我们首先定义一种对象 struct file，对它的操作保存在一个 struct file_operations 指针中，这个结构体中存储着 函数指针：

/**
 * @brief read & write is for regular files. iterate is for directories.
 */
struct file_operations {
    int (*read)(struct file *file, void *__either buf, loff_t len);
    int (*write)(struct file *file, void *__either buf, loff_t len);
    int (*iterate)(struct file *file, void *__either buf, loff_t len);
    int (*close)(struct file *file);
};

当我们 new 一个 struct file 时，我们需要令它的 ops 指向某个预定义的结构体。在当我们对这个文件调用 read 或 write 时，我们实际上是在调用 pfile->ops->read(pfile, buf, len)。

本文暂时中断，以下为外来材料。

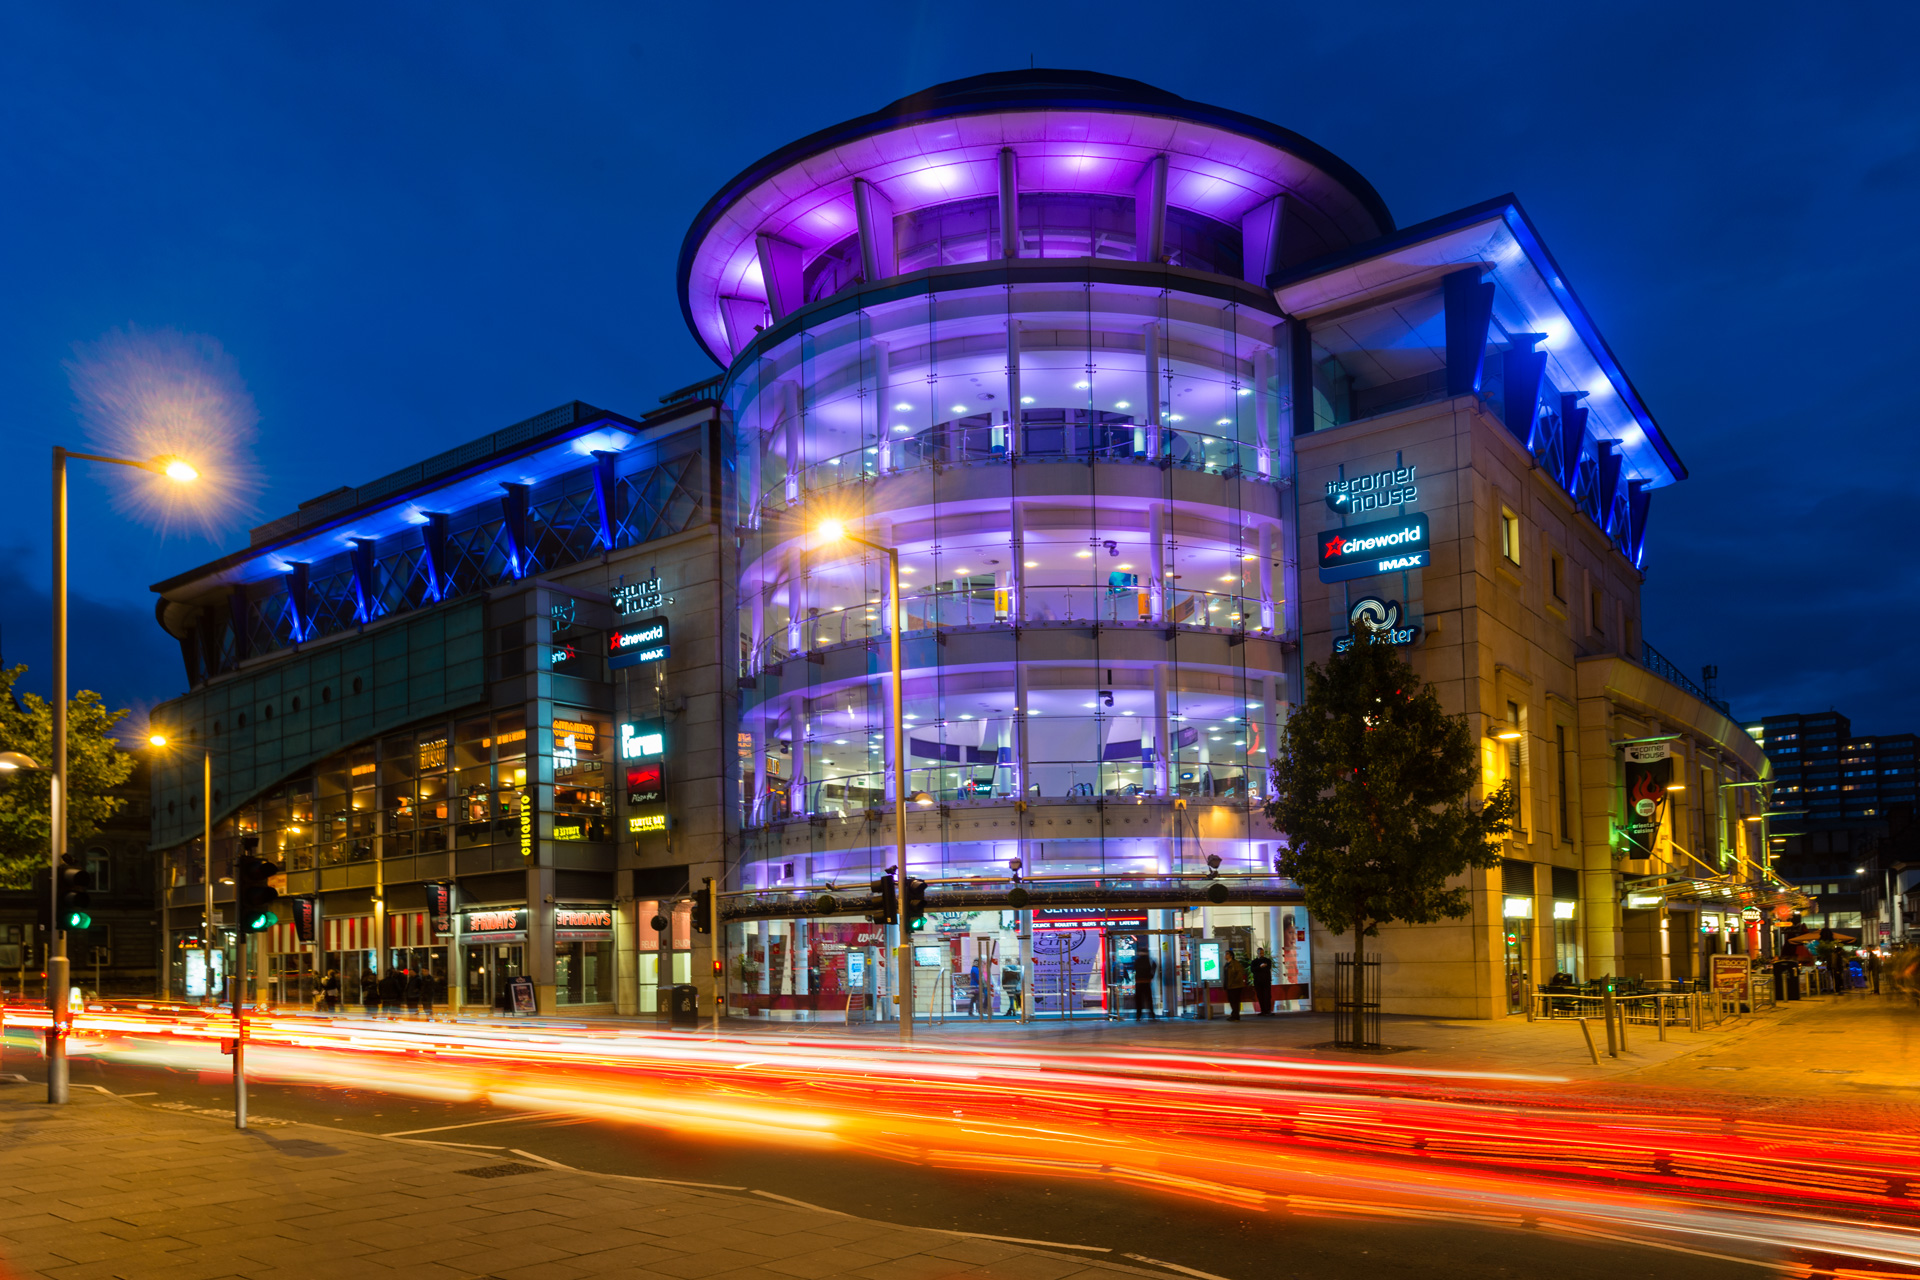 Cornerhouse, Nottingham
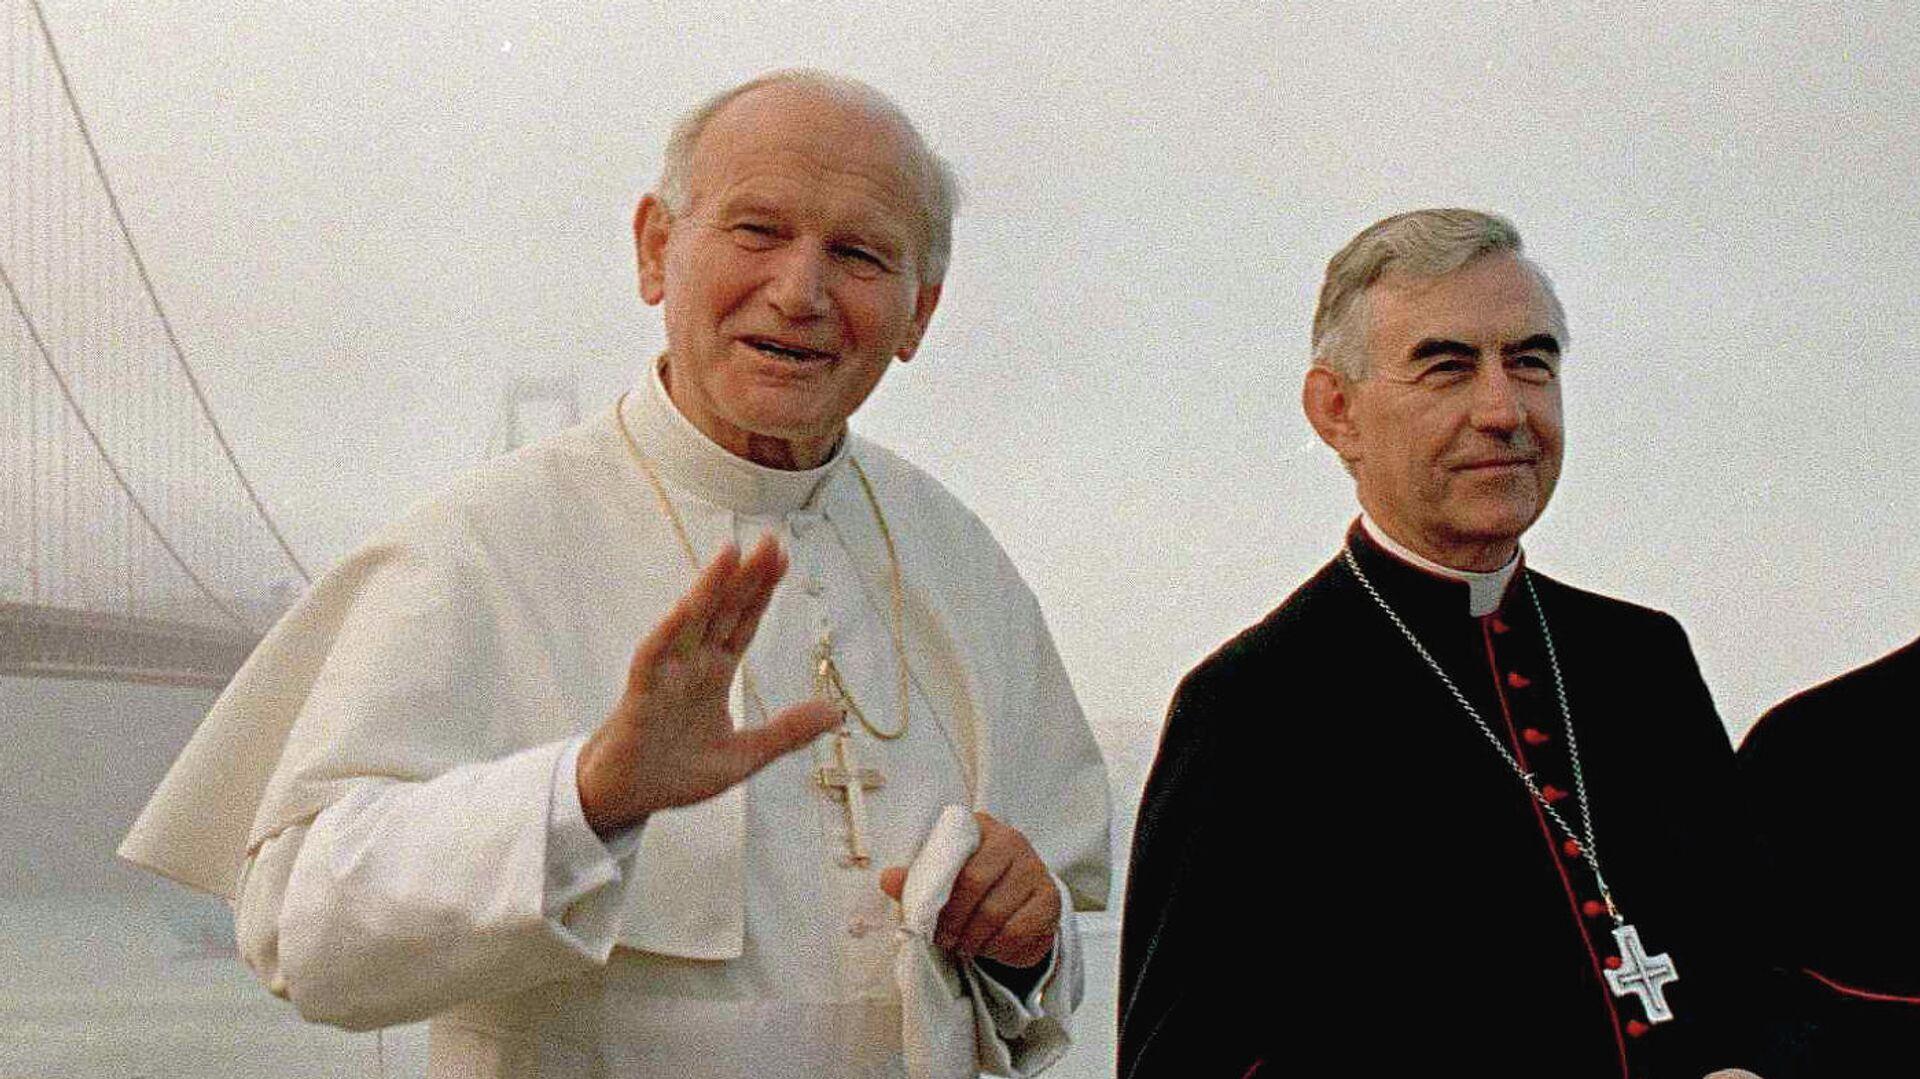 Папа Иоанн Павел II и кардинал Агостино Казароли в Сан-Франциско - РИА Новости, 1920, 13.09.2021

对于文件的元信息(metadata)，我们存储在一个 struct inode 中。我们可以创建以及删除文件或目录，这些即是对于一个 struct inode 的操作，所以我们需要定义一个 struct inode_operations 结构体来存储处理这些操作的函数的指针：

// struct inode is a metadata of a file.
struct inode {
    struct superblock *sb;
    uint32 ino;  // inode number
    imode_t imode;
    struct file_operations *fops;
    struct inode_operations *iops;
    void *private;  // private data for filesystem implementation

    // --- above fields are immutable since allocation `iget` ---

    // sb->lock protects the next pointer and refcnt.
    int ref;             // reference count
    struct inode *next;  // for linked list in itable

    sleeplock_t lock;
    // sleeplock protects following fields
    loff_t size;  // file size
    uint16 nlinks;
};

struct inode_operations {
    int (*lookup)(struct inode *dir, struct dentry *dentry);
    int (*create)(struct inode *dir, struct dentry *dentry);
    int (*unlink)(struct inode *dir, struct dentry *dentry);
    int (*mkdir)(struct inode *dir, struct dentry *dentry);
    int (*rmdir)(struct inode *dir, struct dentry *dentry);
};

在我们的文件系统实现（称为 SimpleFS, sfs）中，我们定义对 inode 的操作、对普通文件 (REG) 的操作、和对目录 (DIR) 的操作。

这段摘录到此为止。